I discussed this with Alan Cox and Stephen Tweedie at one point, and
their feeling was that directory-change notification would not
work well in the framework of select/poll, because it indicates a
event, rather than a condition; this has a bunch of consequences,
for instance:
- the operation can't be simply restarted
- there is no way of making the operation reliable. If the
process isn't sleeping when the directory changes, it won't
learn about it. There is a race condition between
checking if the directory changed and entering the poll.
One possibility for a solution would be to rephrase the problem
as "wake me when the directory has changed since last opened" (or
since something else) rather than "wake me when the directory has
changed".
Another other possibility would be to use a mechanism more suitable
for "messages", such as POSIX real-time signals. The problem with this
is that POSIX RT signals have a nasty API, and in fact, systems of
messages from the kernel will inevitably have a nasty API, simply
because you can't allocate an arbitrary-sized queue in the kernel and
have to to deal with the possibility of overflow.

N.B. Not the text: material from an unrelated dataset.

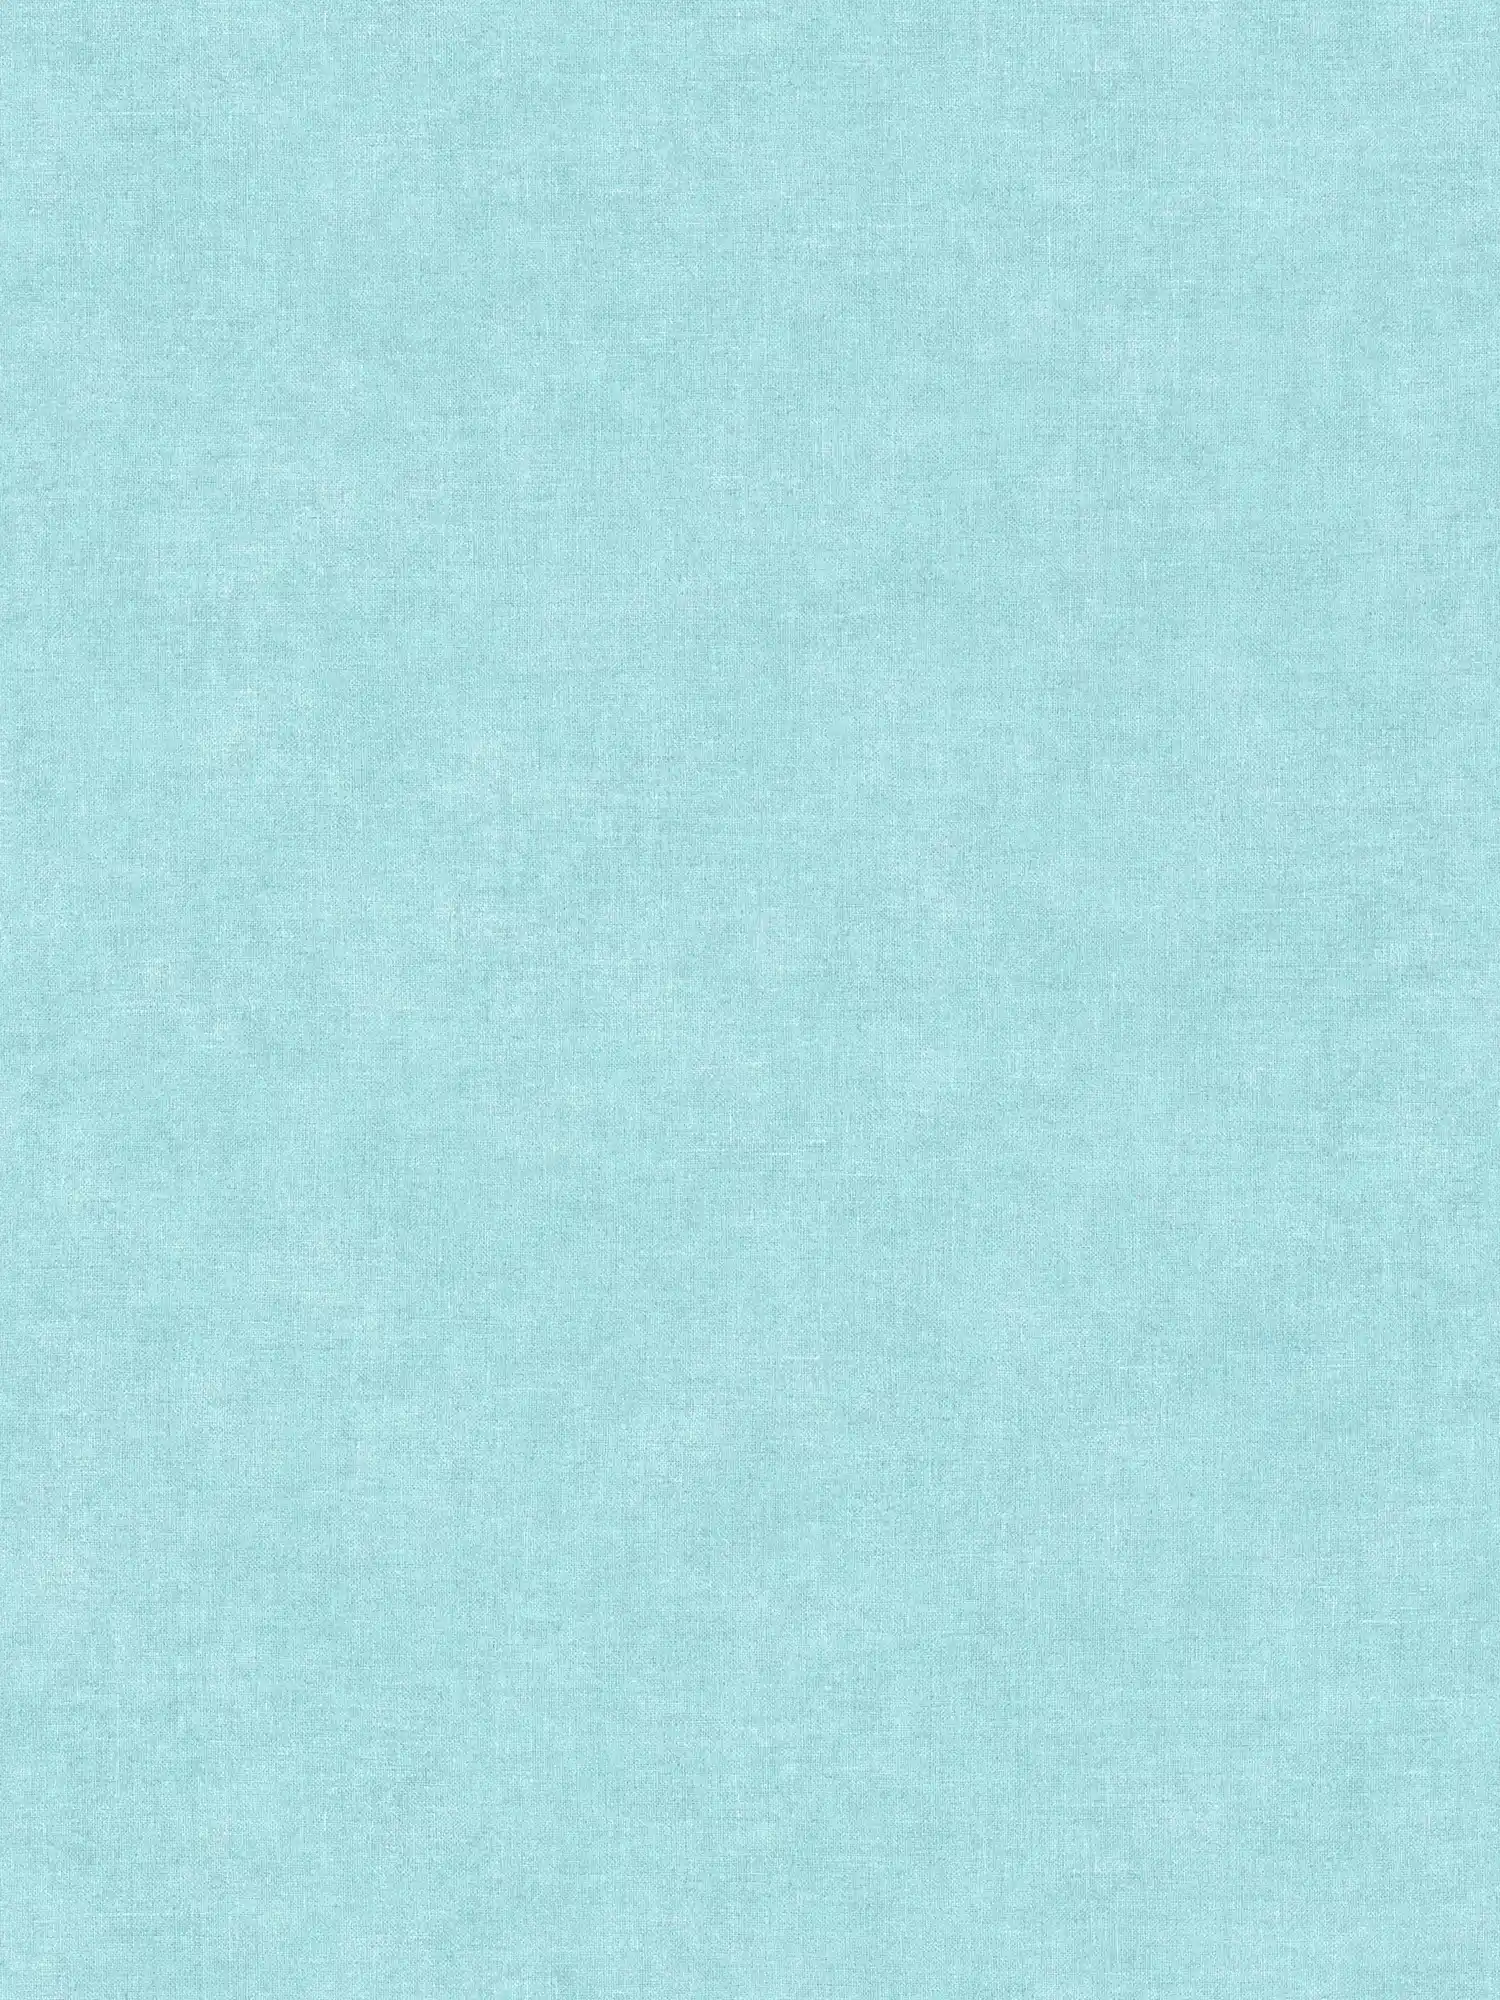 Blue wallpaper plain & matte with texture pattern
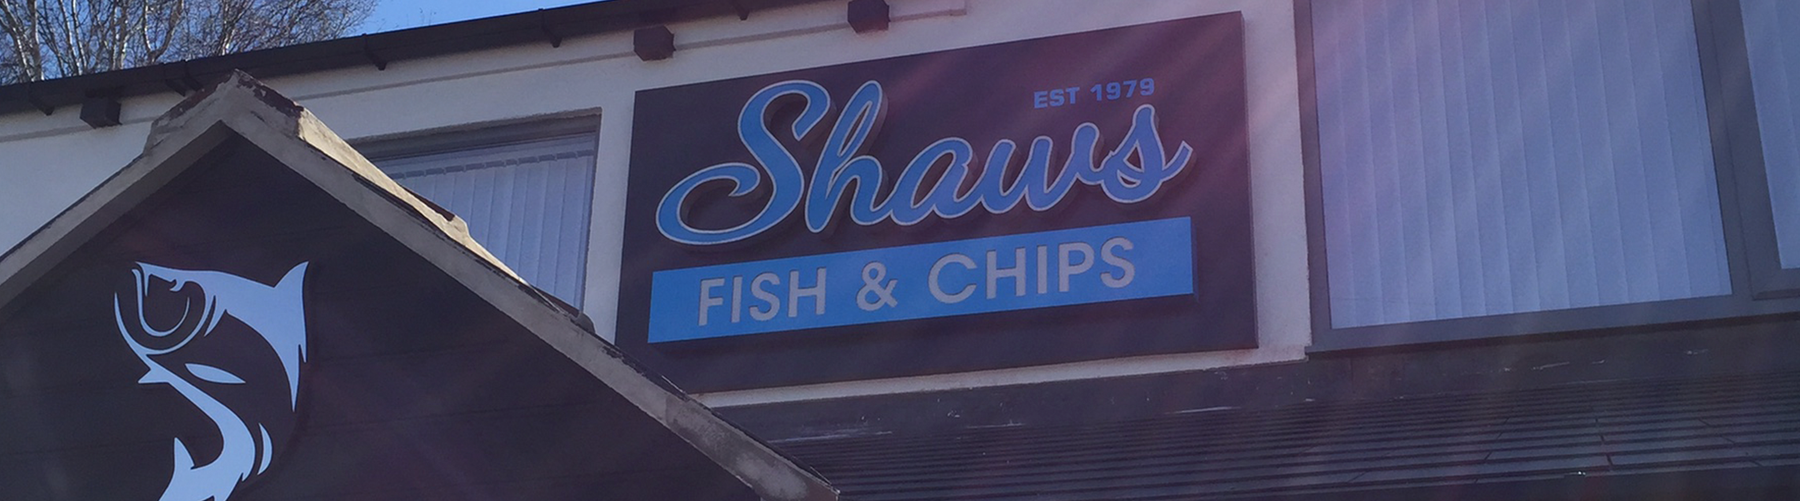 VoCoVo Go Case Study Shaw's Fish & Chips

A possibility that occurs to me for dealing with that problem of
message-queue overflows is to have a user-space daemon that is
notified by the kernel via RT signals, has the proper fallbacks when
overflows occur, and that then talks to the various processes using
standard Unix-domain sockets. This solution also has the advantage
of being easily emulated by periodic checking on systems without
the appropriate kernel feature.
Regards,
Owen
[ P.S. - if somebody figures out a decent way to do this and
gets a patch into the kernel, GUI folks will be in their debt
forever. ]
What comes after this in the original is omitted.